■ What the task requires
If pictures appear in the lines below, skip them and copy exactly the lines from the one containing "TICit Hub Maritecture_2018.png" through the one containing "Legging vinilo-Negro-0", and nothing else.

■ Records shown
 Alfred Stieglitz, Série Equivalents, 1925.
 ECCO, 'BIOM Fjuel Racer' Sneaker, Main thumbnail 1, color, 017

...

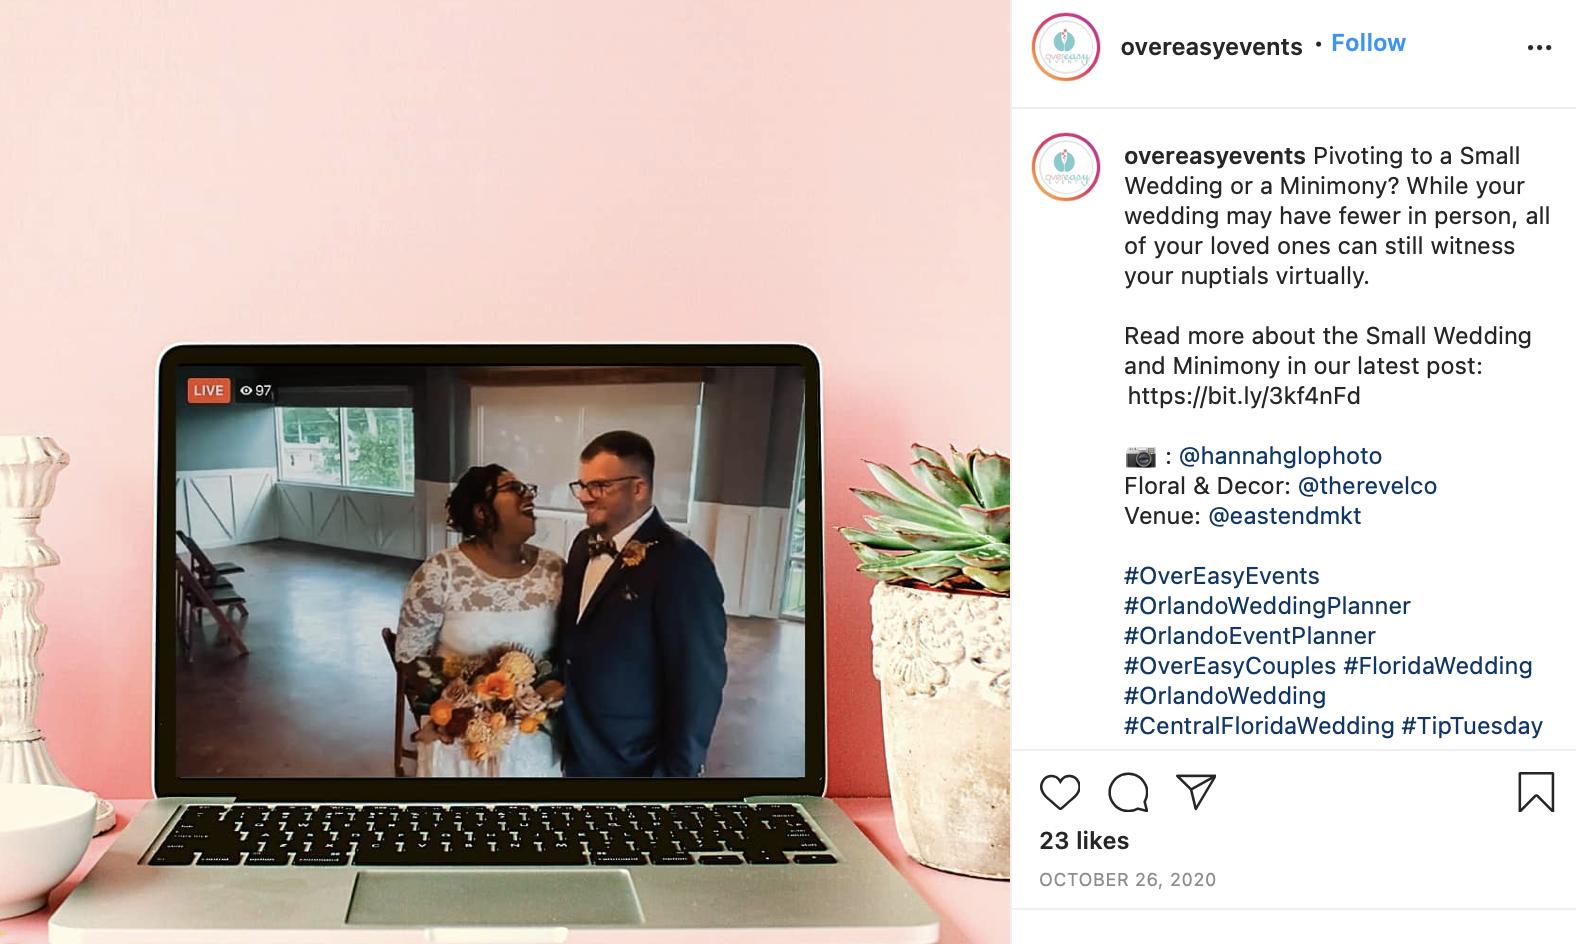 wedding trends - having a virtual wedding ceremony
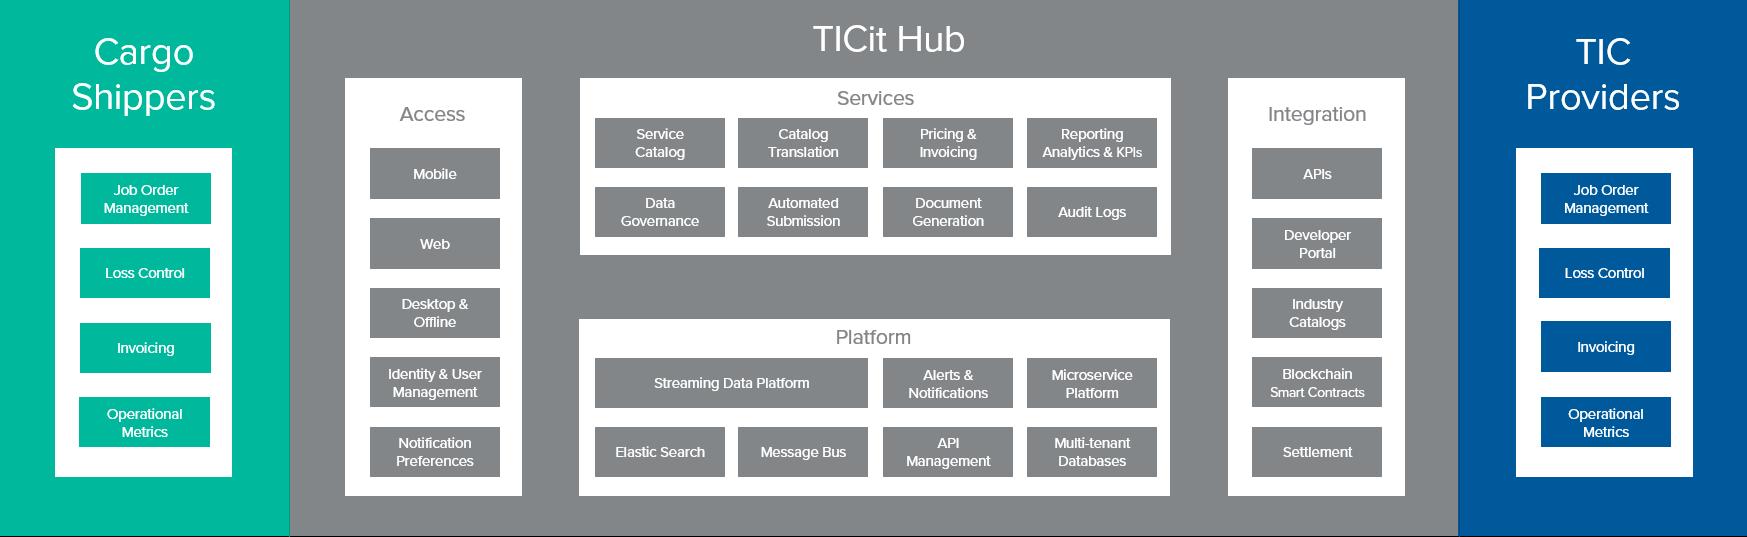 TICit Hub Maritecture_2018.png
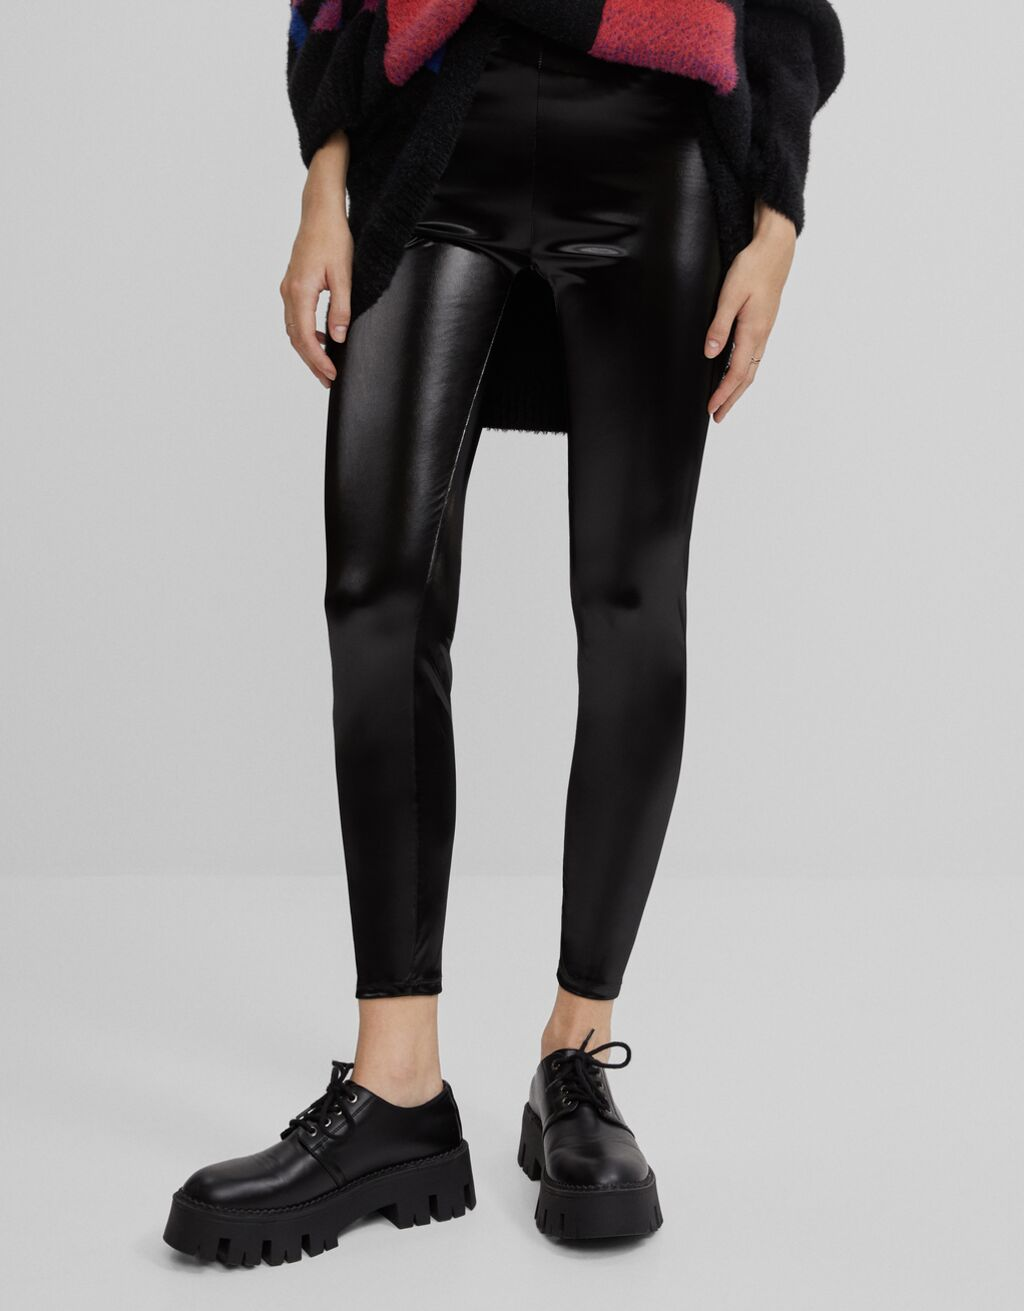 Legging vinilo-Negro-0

* * *

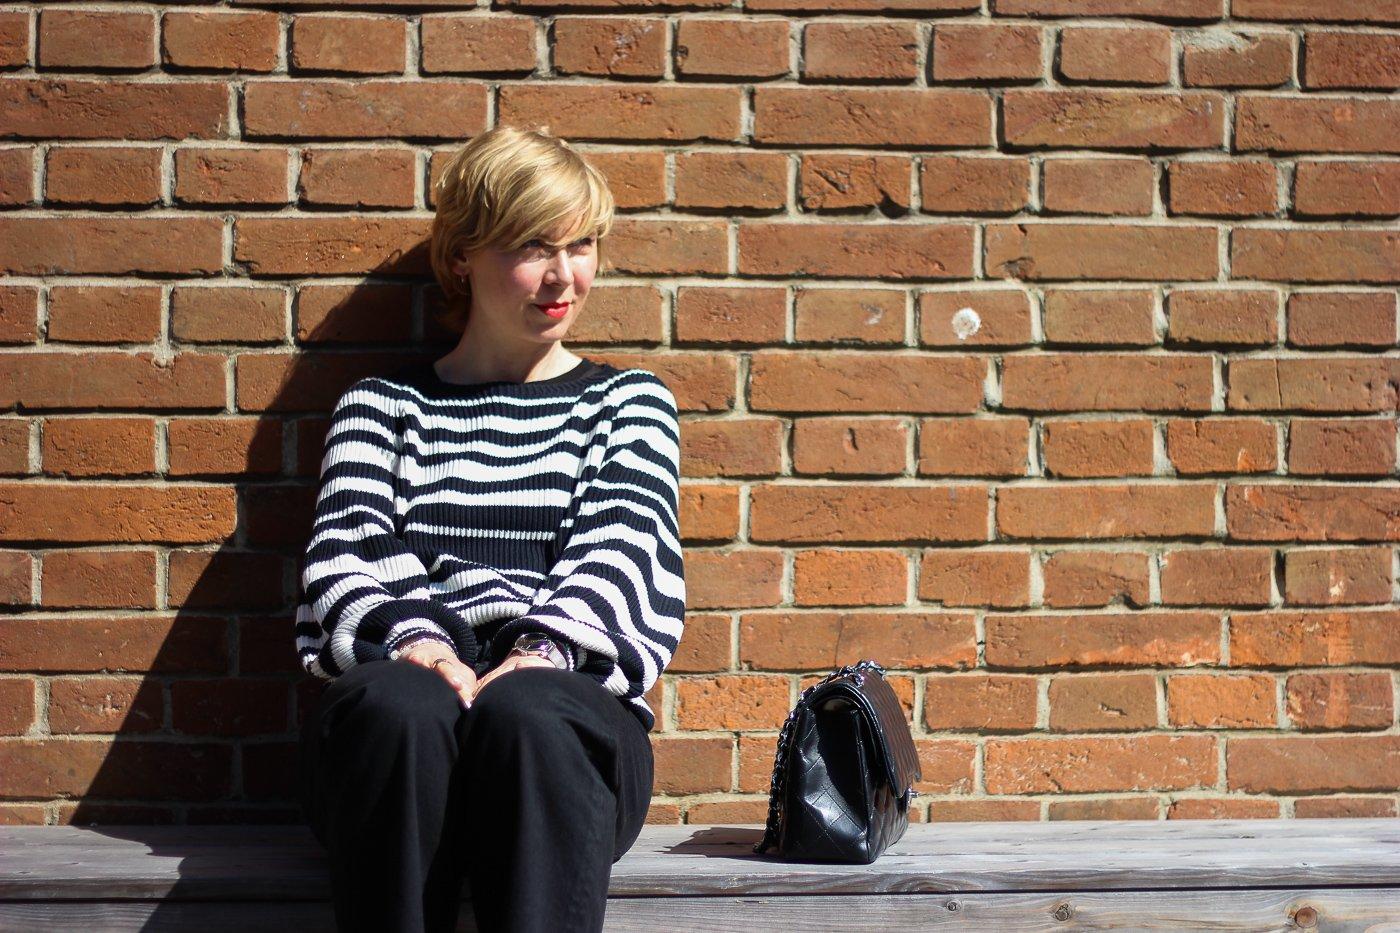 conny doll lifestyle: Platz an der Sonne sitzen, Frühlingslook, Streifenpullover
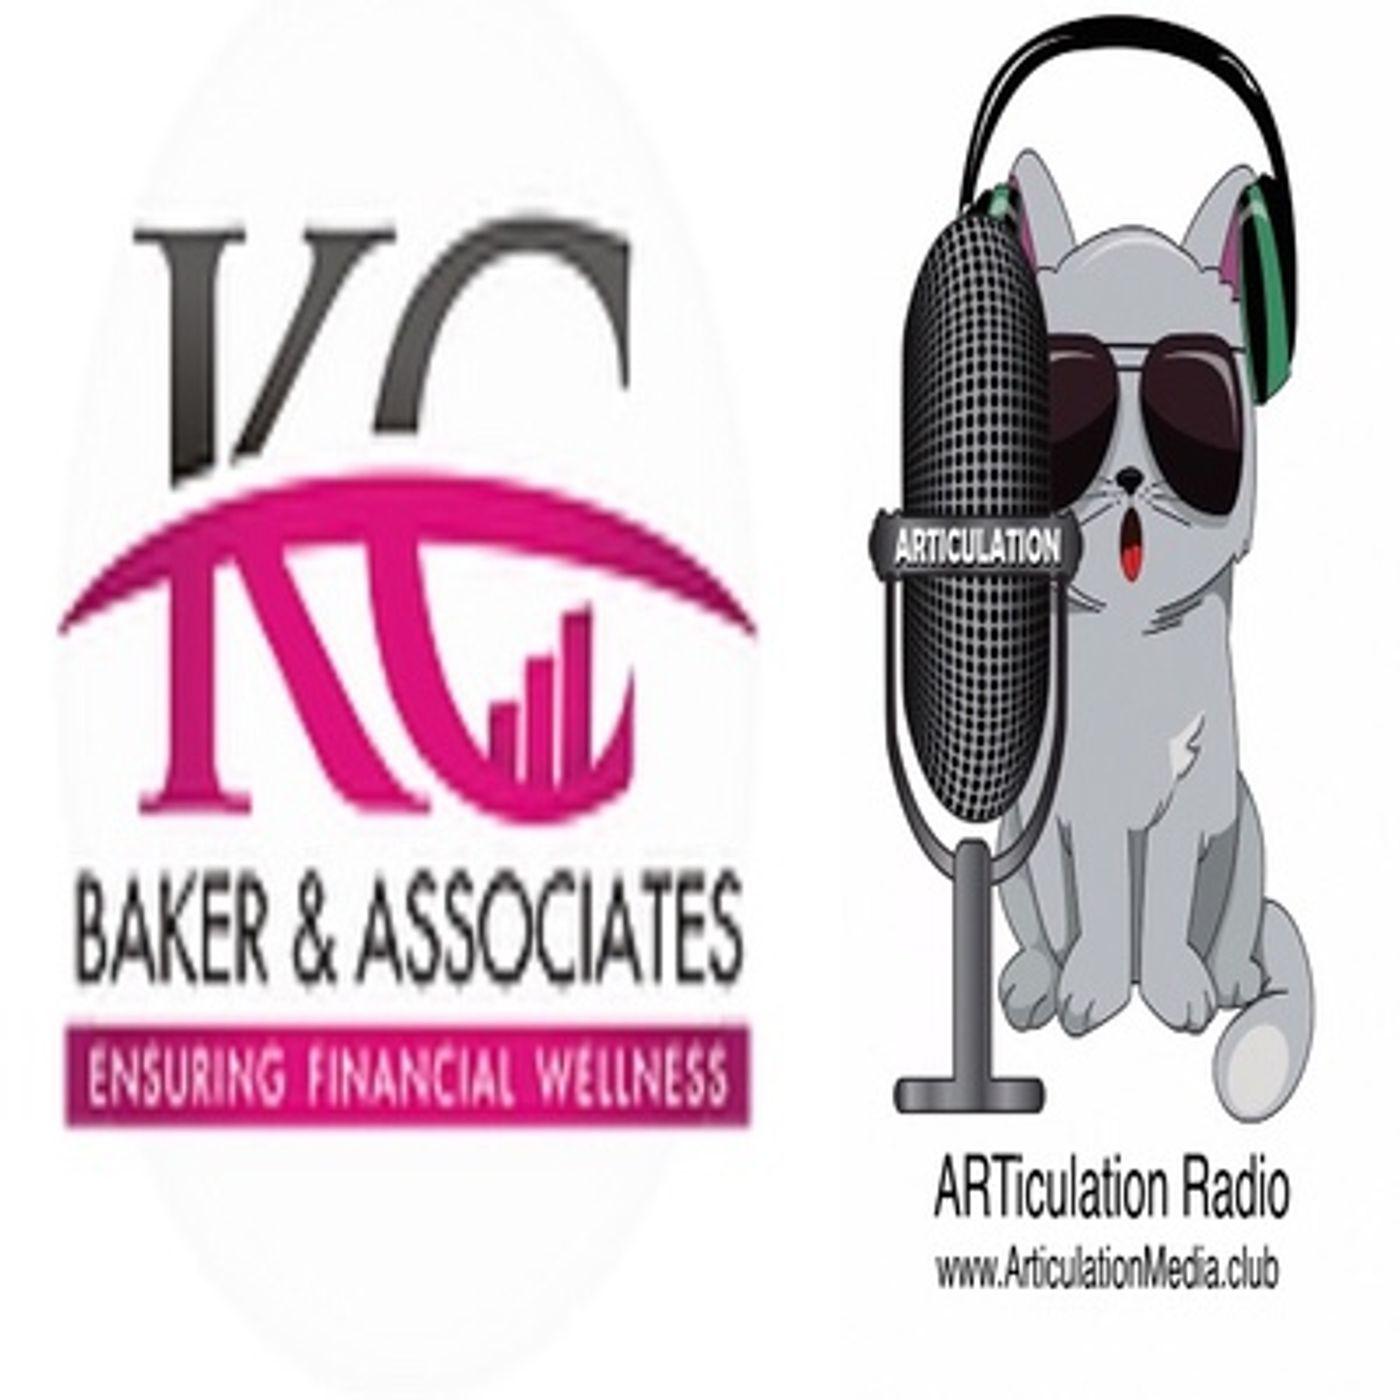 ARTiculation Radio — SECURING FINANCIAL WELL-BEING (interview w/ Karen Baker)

■ Exercise output
 TICit Hub Maritecture_2018.png
 Legging vinilo-Negro-0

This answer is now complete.